◆ Records provided ◆
• • •
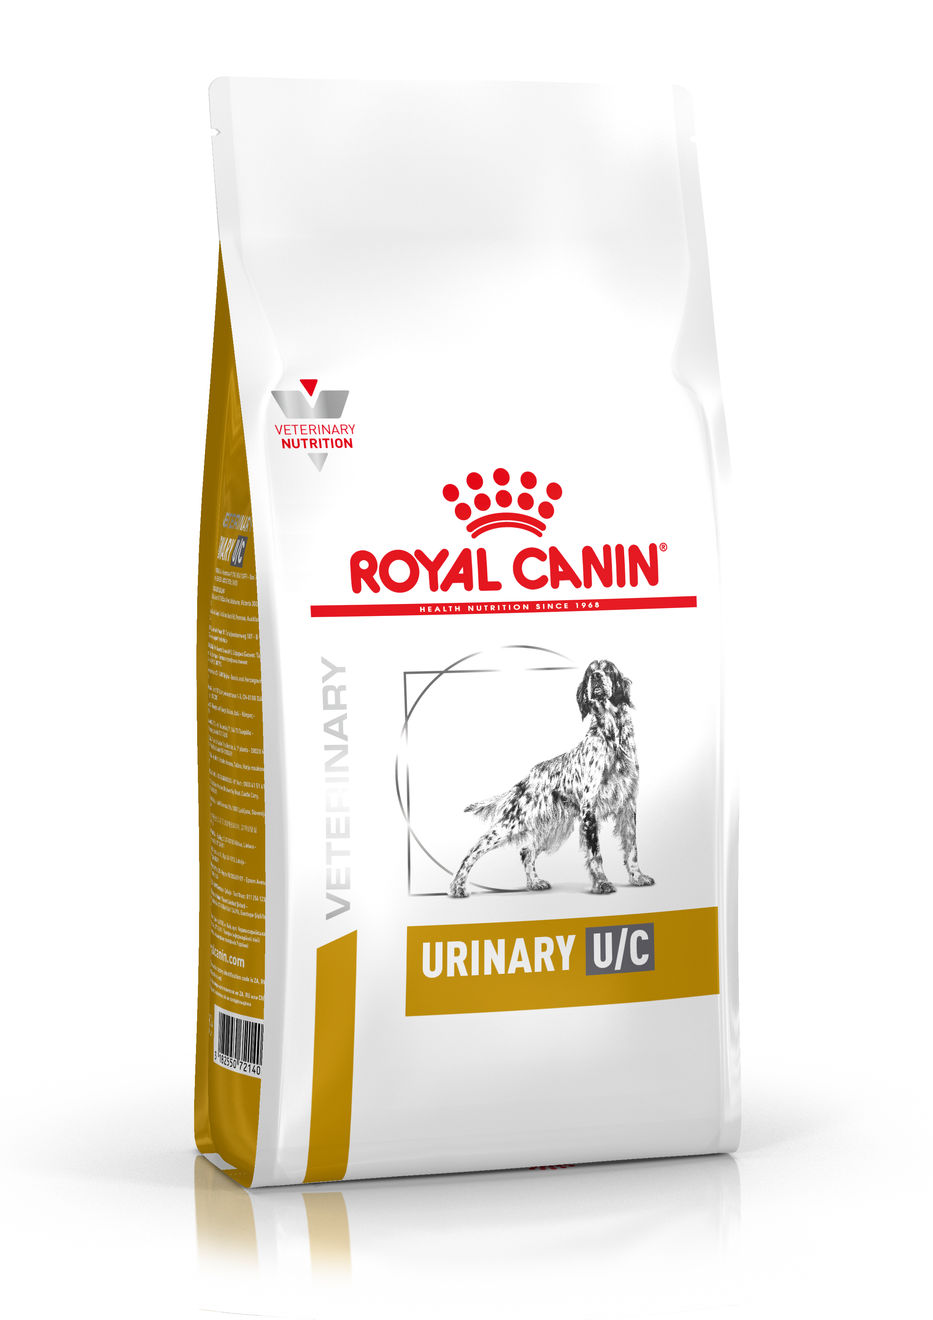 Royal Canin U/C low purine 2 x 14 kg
• • •
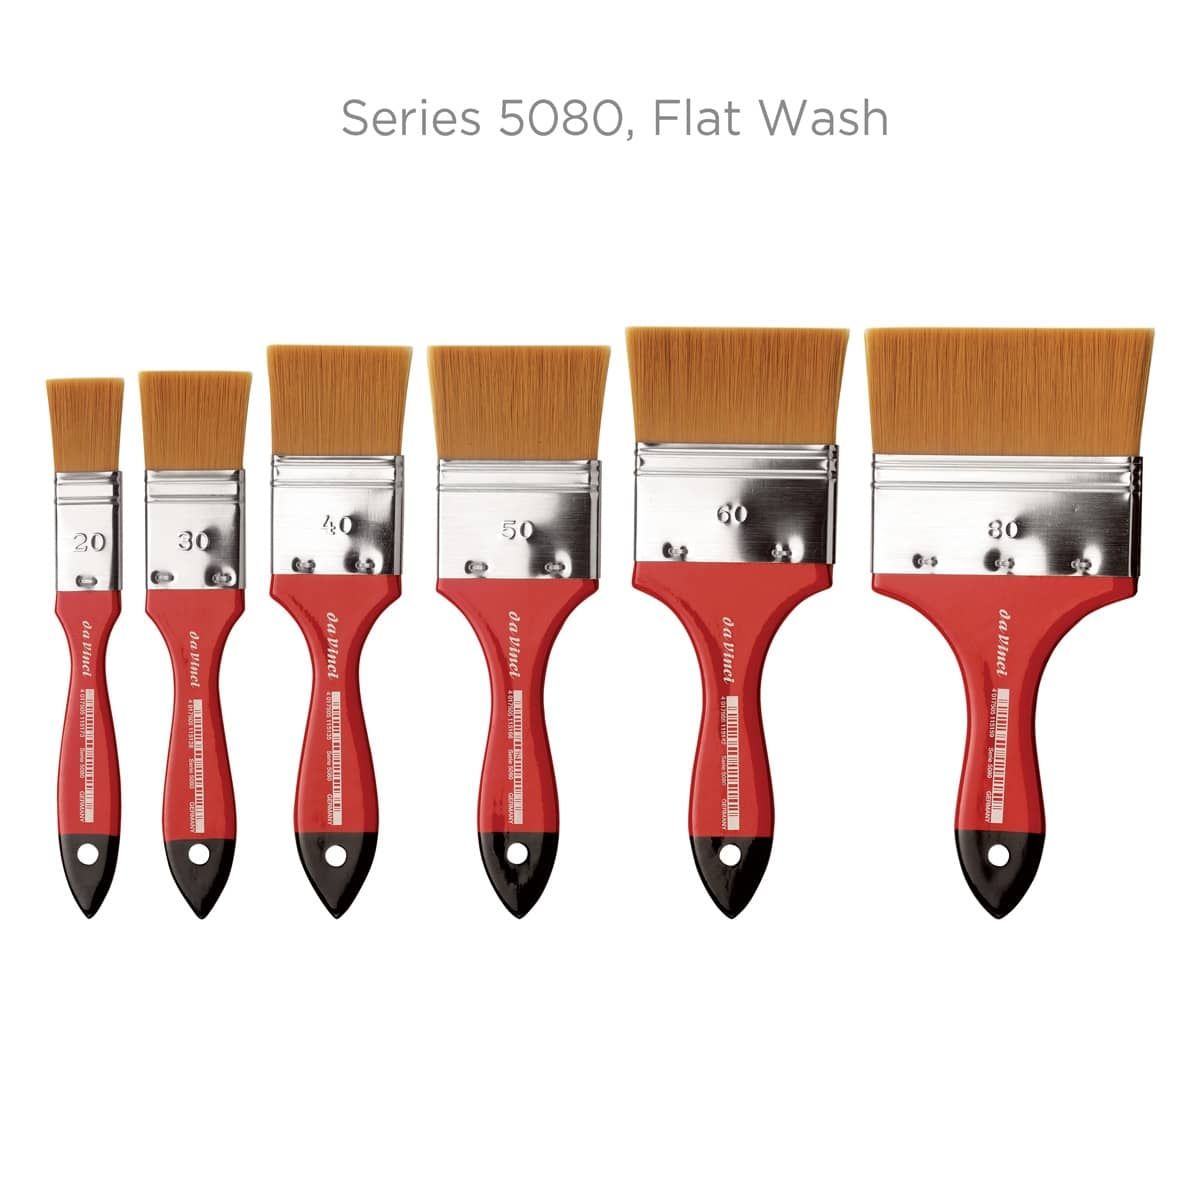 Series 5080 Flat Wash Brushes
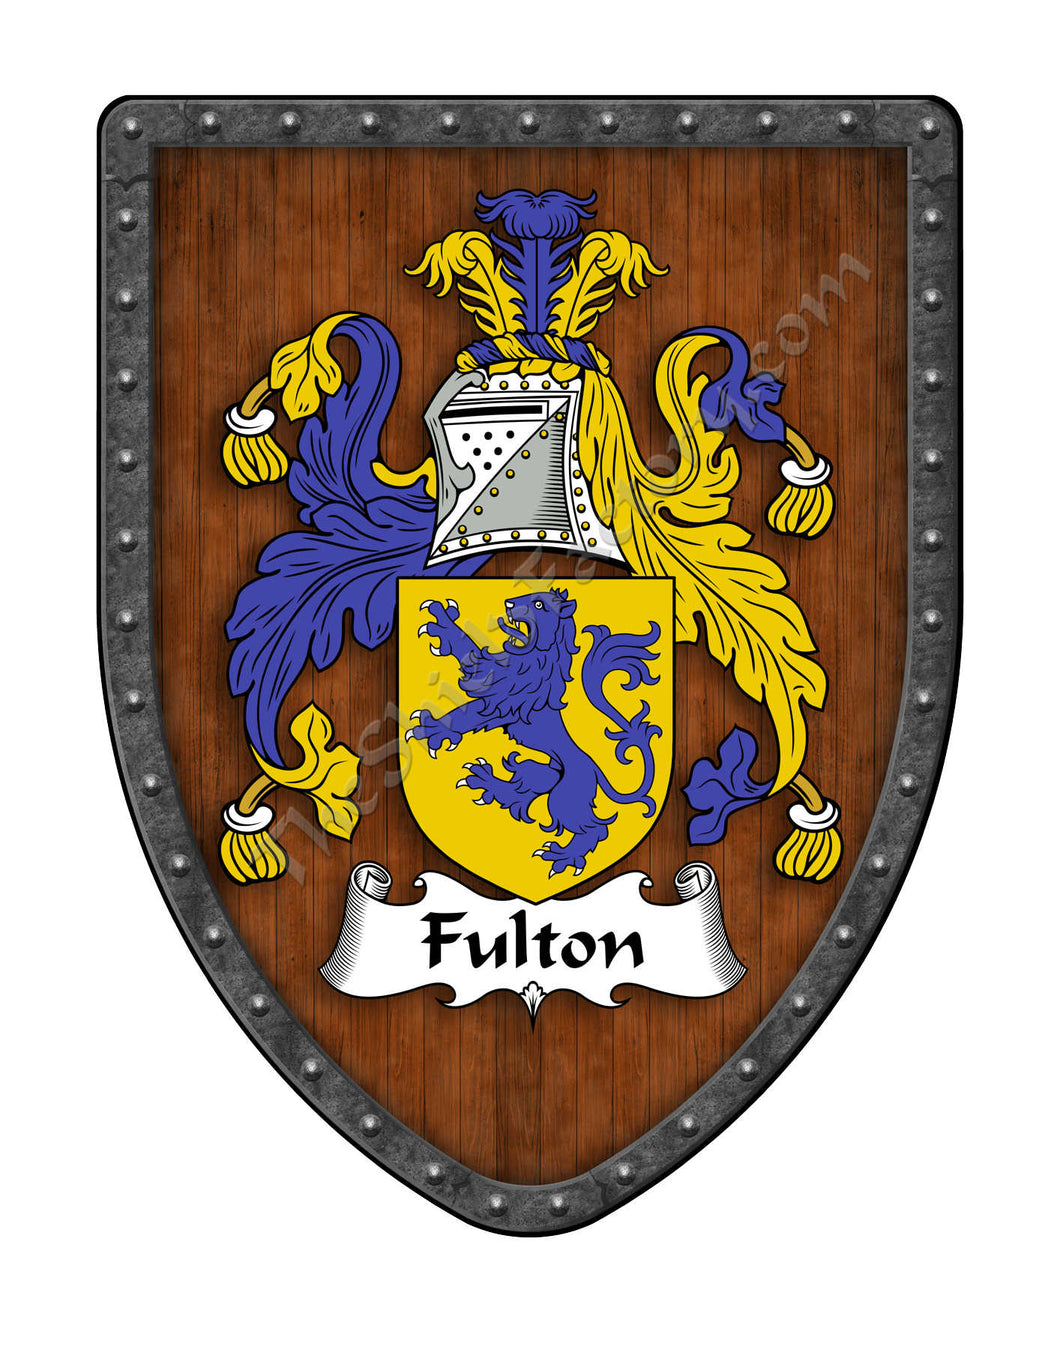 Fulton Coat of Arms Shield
• • •
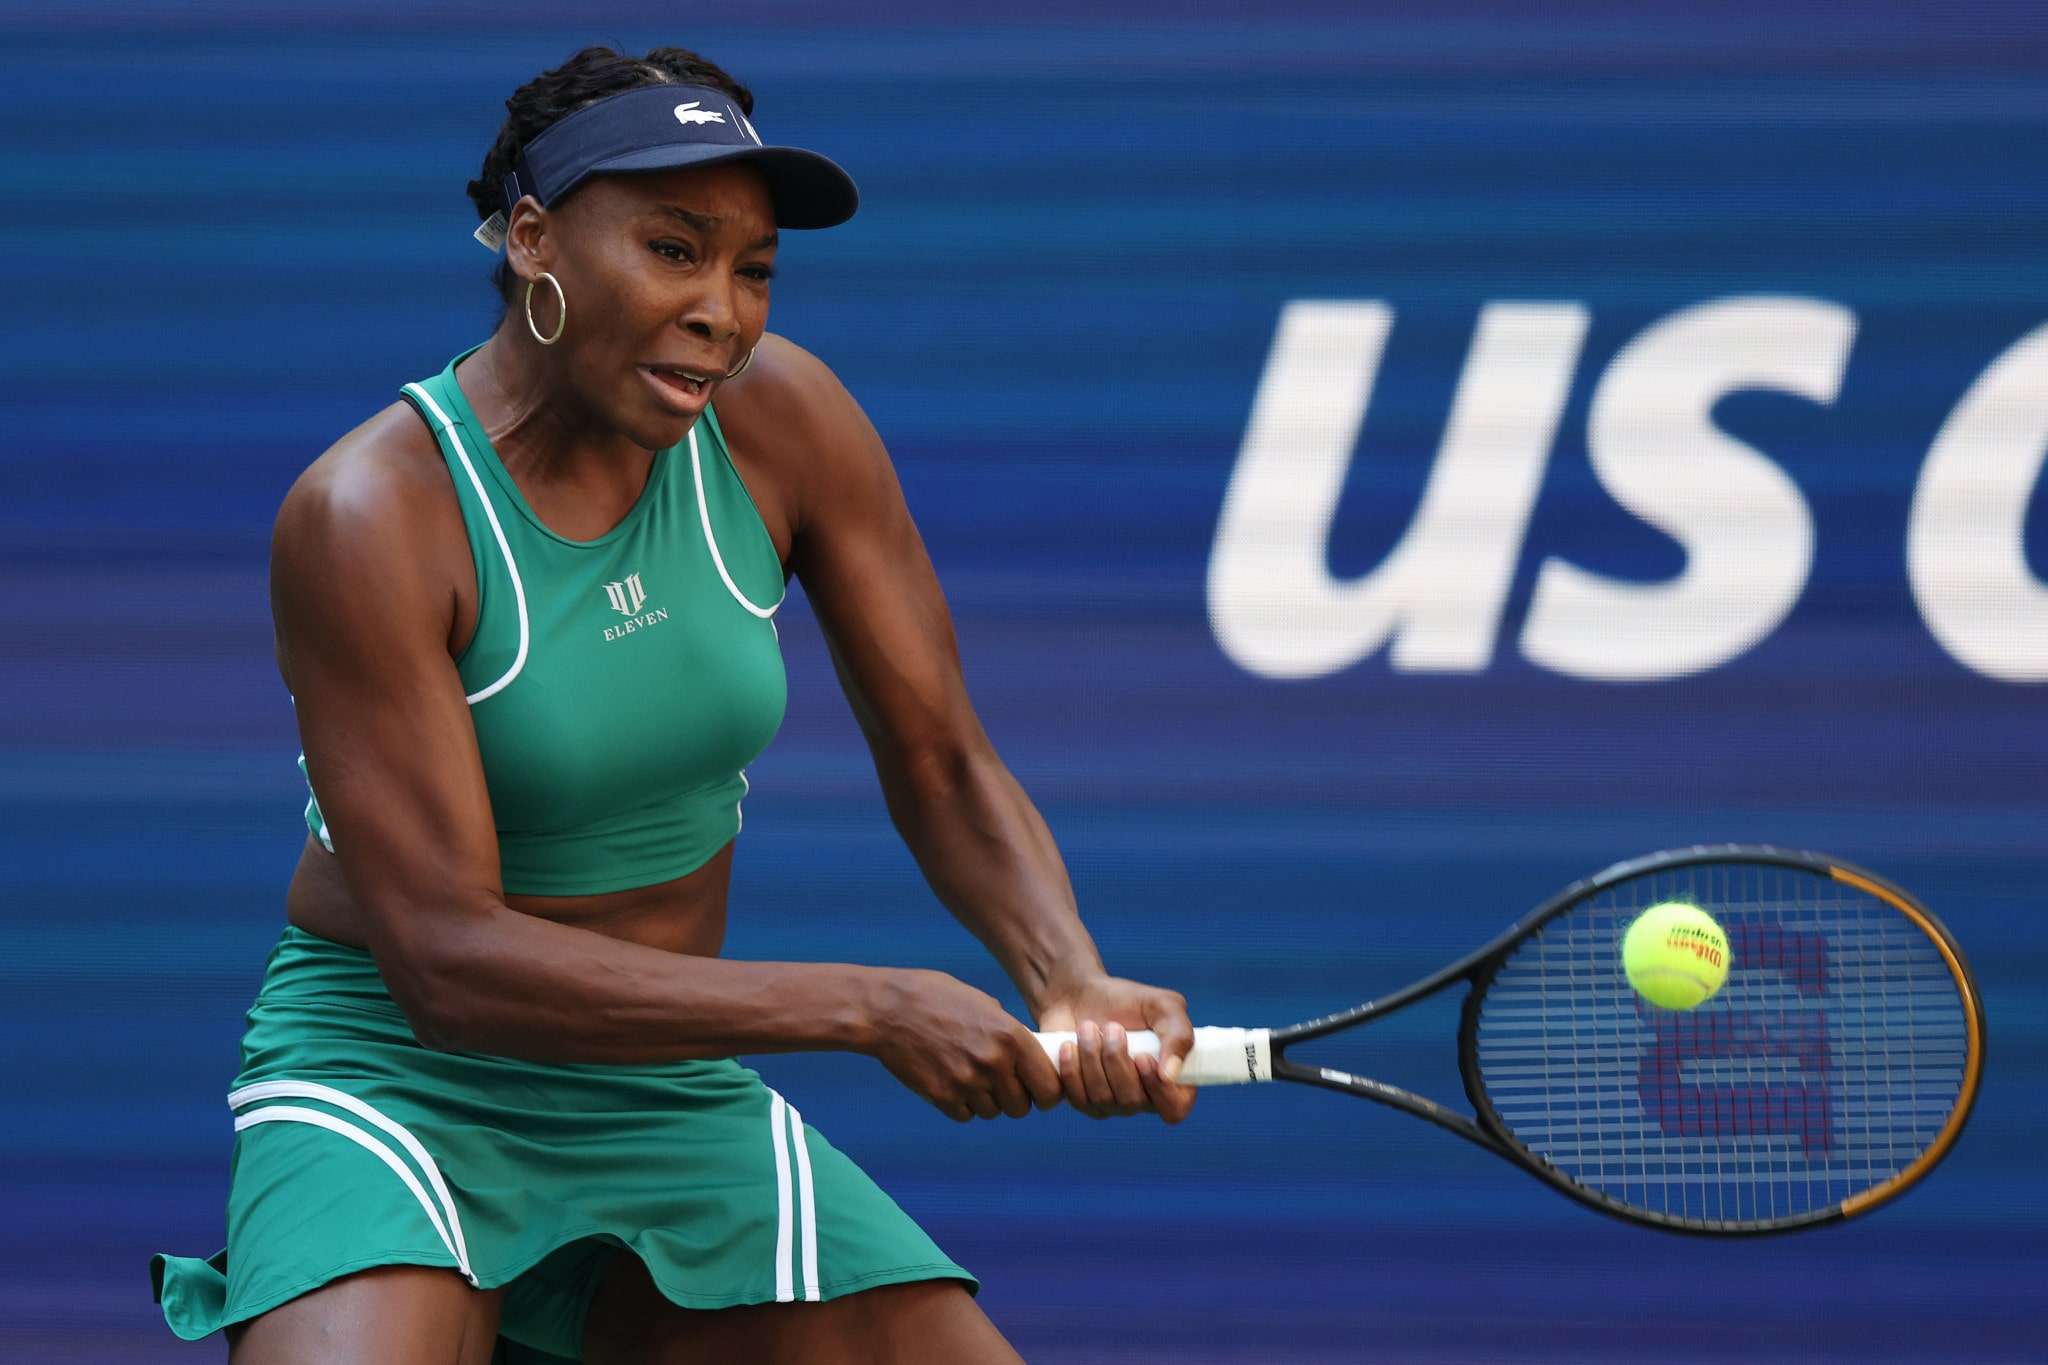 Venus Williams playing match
• • •
◆ Exercise brief ◆
Pictures aside, print exactly the lines above starting with the one containing "Series 5080 Flat Wash Brushes" and going on through the one containing "Fulton Coat of Arms Shield".

◆ Response to the exercise ◆
 Series 5080 Flat Wash Brushes
 Fulton Coat of Arms Shield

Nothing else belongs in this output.